VI

Deux décès

 

En 1851, Mme André, qui demeurait à Lyon, 9, rue de la Bombarde, était partie pour Ars, sans bien réfléchir que sa belle-mère, déjà malade, ne pouvait guère se passer de ses soins. Et elle s'absentait au moins pour deux jours.

Certainement, M. Vianney n'avait jamais entendu parler de cette dame André, qui faisait le pèlerinage pour la première fois, pas plus que de sa belle-mère. La Lyonnaise entre à l'église, s'agenouille, se relève, examine l'assistance et se rend compte immédiatement qu'elle ne pourra aborder le confessionnal – car elle voudrait se confesser au serviteur de Dieu – non pas demain, mais peut-être après-demain dans la soirée. Et, malgré tout, elle prend son rang au fond de l'église.

 

Mais Dieu est bon, et quelque chose de sa bonté passe au cœur de ses plus grands amis, les saints. Là, à gauche de la nef, à l'entrée d'une étroite chapelle, Mme André remarque ce prêtre en surplis qui, du geste, l'appelle. Oui, c'est bien elle, l'étrangère, arrivée tout à l'heure, qu'il désigne !

 

Elle s'agenouille au confessionnal, suffoquée d'émotion.

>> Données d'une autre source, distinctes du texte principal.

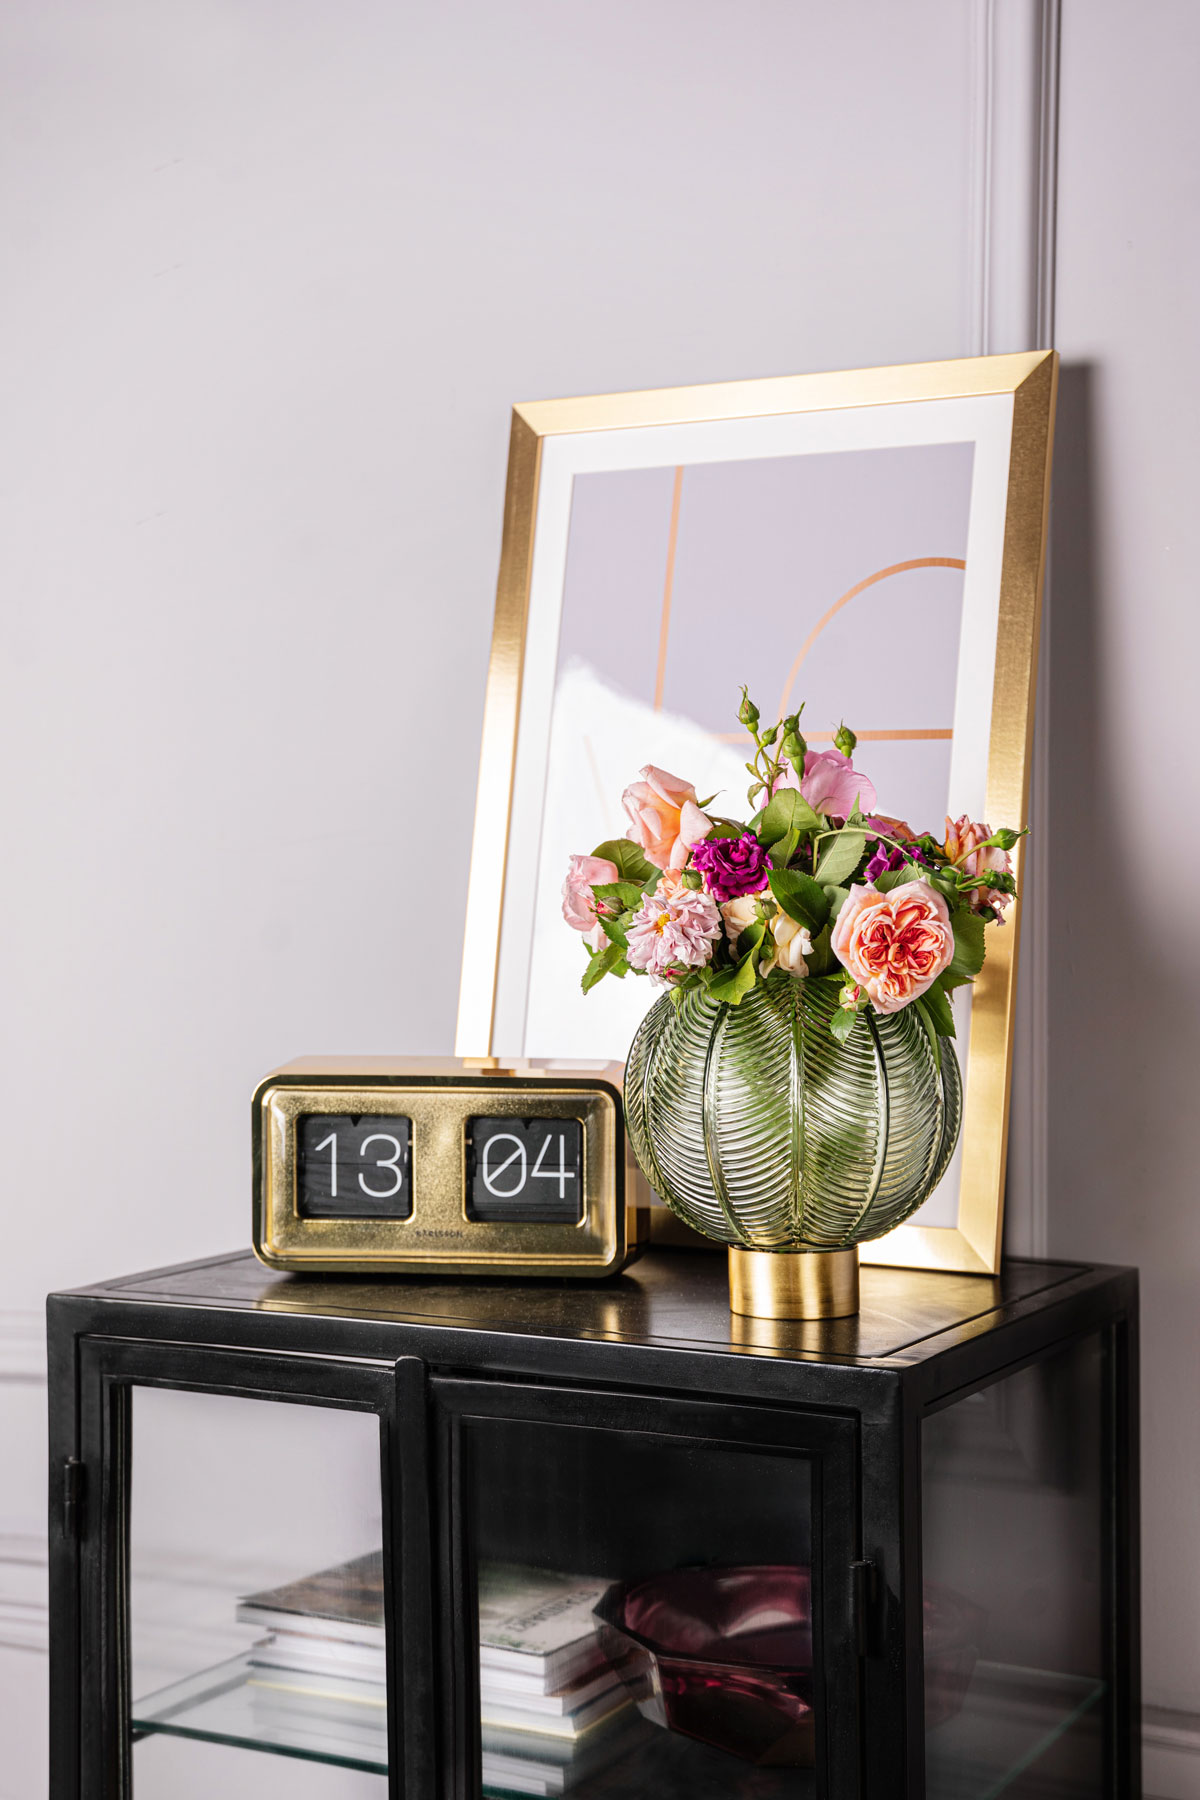 Čierna presklená skrinka so zlatým zrkadlom, retro digitálnymi hodinami a zelenou vintage vázou s kvetmi
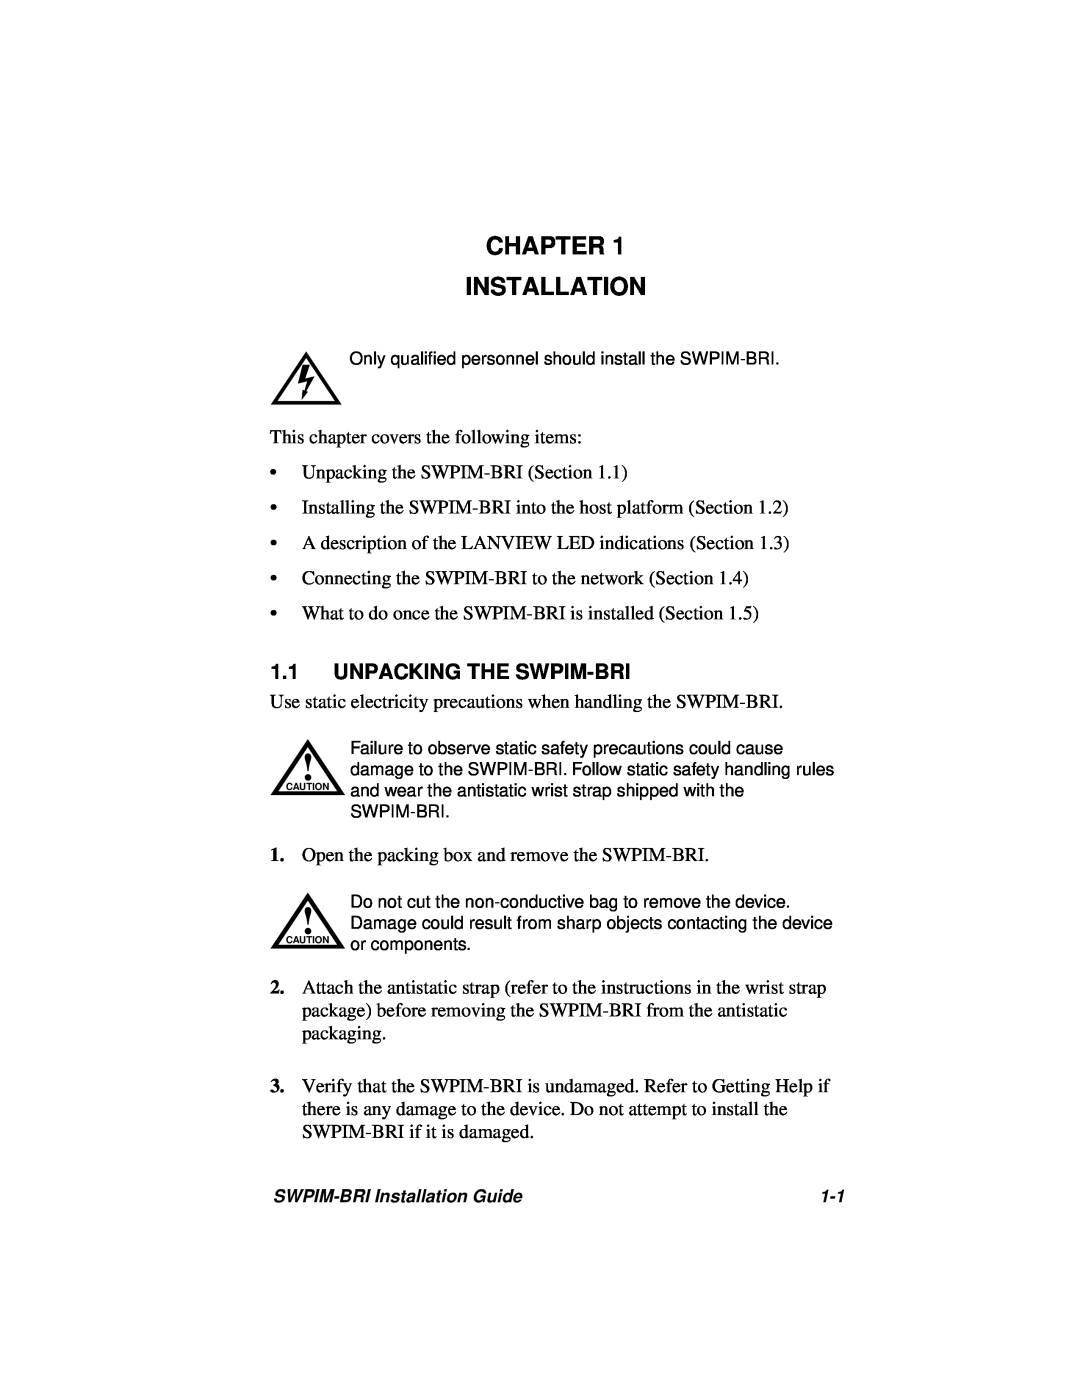 Cabletron Systems SWPIM-BRI manual Chapter Installation, Unpacking The Swpim-Bri

« Mon enfant, lui dit aussitôt M. Vianney, il faut vite reprendre la même voiture. On vous attend à la maison. Votre belle-mère a besoin de vous. »

Mme André restait muette de surprise. Comment le Curé d'Ars savait-il ces choses si précises sur des personnes de lui totalement inconnues ?

« Elle ne mourra pas tout de suite, continuait le serviteur de Dieu. Mon enfant, il faut vous préparer par la prière : vous aurez une mort chez vous avant celle de votre belle-mère. »

On devine dans quels sentiments Mme André fit ensuite sa confession.

 

Les choses se passèrent comme l'avait annoncé le Curé d'Ars. Tandis que la malade continuait de languir, « le beau-père de Mme André mourut deux mois après cette prédiction, sans que rien n'eût pu le faire prévoir dans le moment qu'elle fut faite (1) ».